„Lesen heisst durch fremde Hand träumen.“ Fernando Pessoa
Der Roman nimmt einen mit, einerseits in die Lebensumstände sowie in die Gefühlswelt von Michael, andrerseits aber auch auf seine Reise durch die USA, welche er als letztes Projekt realisieren will, bevor er aus dem Leben scheiden wird. Das Cover verspricht Leichtigkeit, die es zwar tatsächlich auch gibt, Michael kann vor allem im Umgang mit anderen durchaus witzig sein, aber sehr oft ist die Atmosphäre eher ernst und etwas traurig. Es ist dafür eine tiefgründige Geschichte. Das Buch liest sich dennoch flüssig und bleibt bis zum Schluss spannend. Der Autor lässt den Protagonisten Michael in England in der Ich- Perspektive sprechen. Die USA-Kapitel sind jedoch in der dritten Person erzählt, als würde sich Michael von aussen betrachten. Den Aufbau ist sehr gekonnt, finden die Kapitel in zeitlicher Abfolge am Schluss wieder zu einander. Die Sprache ist mir zeitweilig etwas zu schwülstig und überladen, könnte jedoch Ausdruck Michaels seelischer Verfassung sein. Die Grübeleien sind wahrscheinlich ein typisches Symptom seines Zustands. Wahrscheinlich muss Michaels Innenleben mit etwas Pathos beschrieben werden, um die Ernsthaftigkeit seiner Situation zu beschreiben. Insgesamt ein lesenswerter und vielschichtiger Roman, ein Plädoyer für den Mut, aufzubrechen, um Luft zu bekommen, damit man „weiter atmen“ kann. Eine Hymne an Selbstakzeptanz und Liebe.

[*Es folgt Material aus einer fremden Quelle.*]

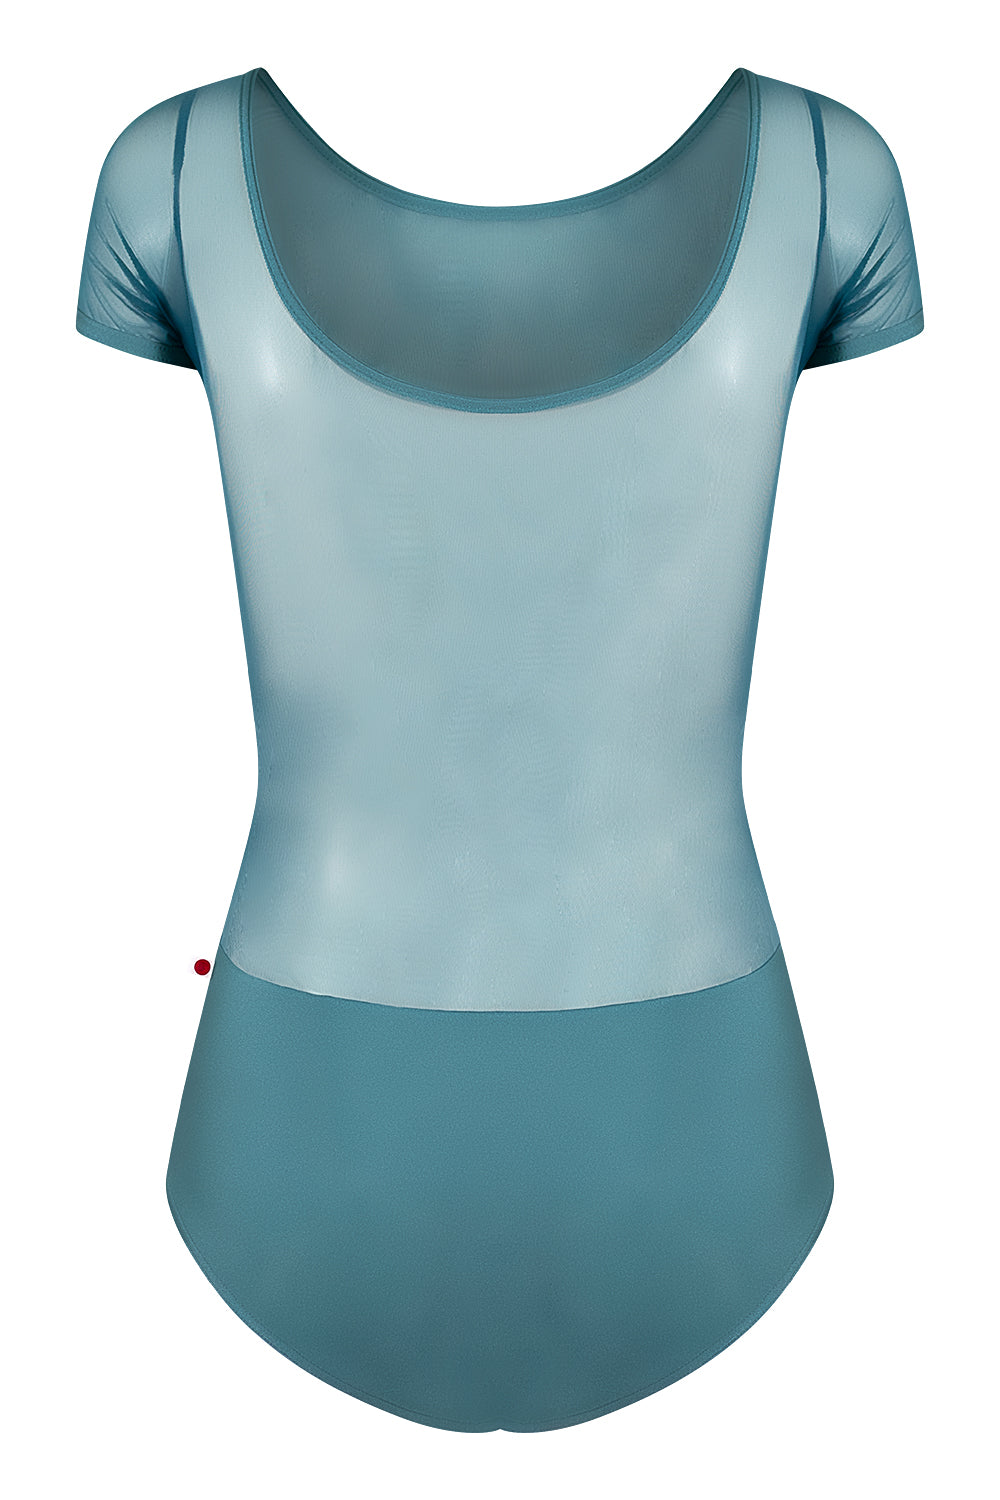 Meagan leotard in N-Frost body color with Mesh Lagoon top & short sleeve color and N-Frost trim color

So zart wie das Cover beschreibt Caroline Wahl in einer modernen und originellen Sprache den Alltag von Tilda, die sich neben Studium und Nebenjob nicht nur um ihre kleine Schwester Ida, sondern auch um die alkoholkranke Mutter kümmert. Obschon das Leben der beiden sehr belastend ist, schaffen sie es, sich gegenseitig Halt zu geben und sich eigene Welten zu schaffen - Ida, indem sie malt und Tilda geht in ihrem Mathematikstudium auf. Diese innige schwesterliche Beziehung ist sehr berührend beschrieben. Des Weiteren tritt ein junger Mann in Tildas Leben, der ebenfalls wie sie regelmäßig im Freibad seine Längen schwimmt. Über deren Verbindung sei noch nichts verraten… Der Roman spielt jedenfalls auf mehreren Ebenen und bleibt wohl auch deshalb bis zum Schluss spannend. Das Buch ist packend und sehr lesenswert, auch weil zwischen den Zeilen etwas Sozialkritik mitschwingt, und dürfte mitunter jüngere LeserInnen ansprechen. Ein wunderbarer Roman über Familie, im positiven wie auch im negativen, über Verantwortung und das Verfolgen eigener Ziele unter erschwerten Bedingungen.
Mit „Lightseekers“ ist Kayode ein tolles Erstlingswerk gelungen: eine äusserst raffiniert konstruierte Geschichte, die in Nigeria angesiedelt ist und ein sehr trauriges Ereignis, den Mord durch Lynchjustiz an drei jungen Studenten, thematisiert. Dem Mord liegt ein aktuelles Problem zugrunde, das viele Leser ansprechen wird. Vor allem mit dem klinischen Psychologen Dr. Philip Taiwo und seinem Assistenten Chika hat Kayode zwei interessanten Protagonisten eine Stimme gegeben. Er schafft ein Spannungsbogen, der über die vier Akte hinhält bzw. sich immer mehr steigert. Die Erzählweise ist vielschichtig und sehr kurzweilig. Ich bin beim Lesen regelrecht versunken. Er bedient sich im übrigen eines Stilmittels, das einen sehr überrascht zurücklässt und einem zur Einsicht verhilft, dass auch wenn die Geschichte zwischendurch etwas verwirrend erscheint, sich am Schluss doch alles auflöst - einfach grandios! Vielleicht hat mir zuweilen die mir aus anderen afrikanischen Romanen bekannten Kommunikationsrituale gefehlt, dafür werden die gesellchaftlichen Normen und Probleme von Nigeria aufgezeigt. Ich bin auf das nächste Buch mit Philip als „ermittelnden“ Psychologen sehr gespannt! „Lightseekers“ ist ein Buch, auch für nicht Krimi-Leser, die jedoch spannende und raffiniert geschriebene Geschichten mit interessanten Protagonisten mögen.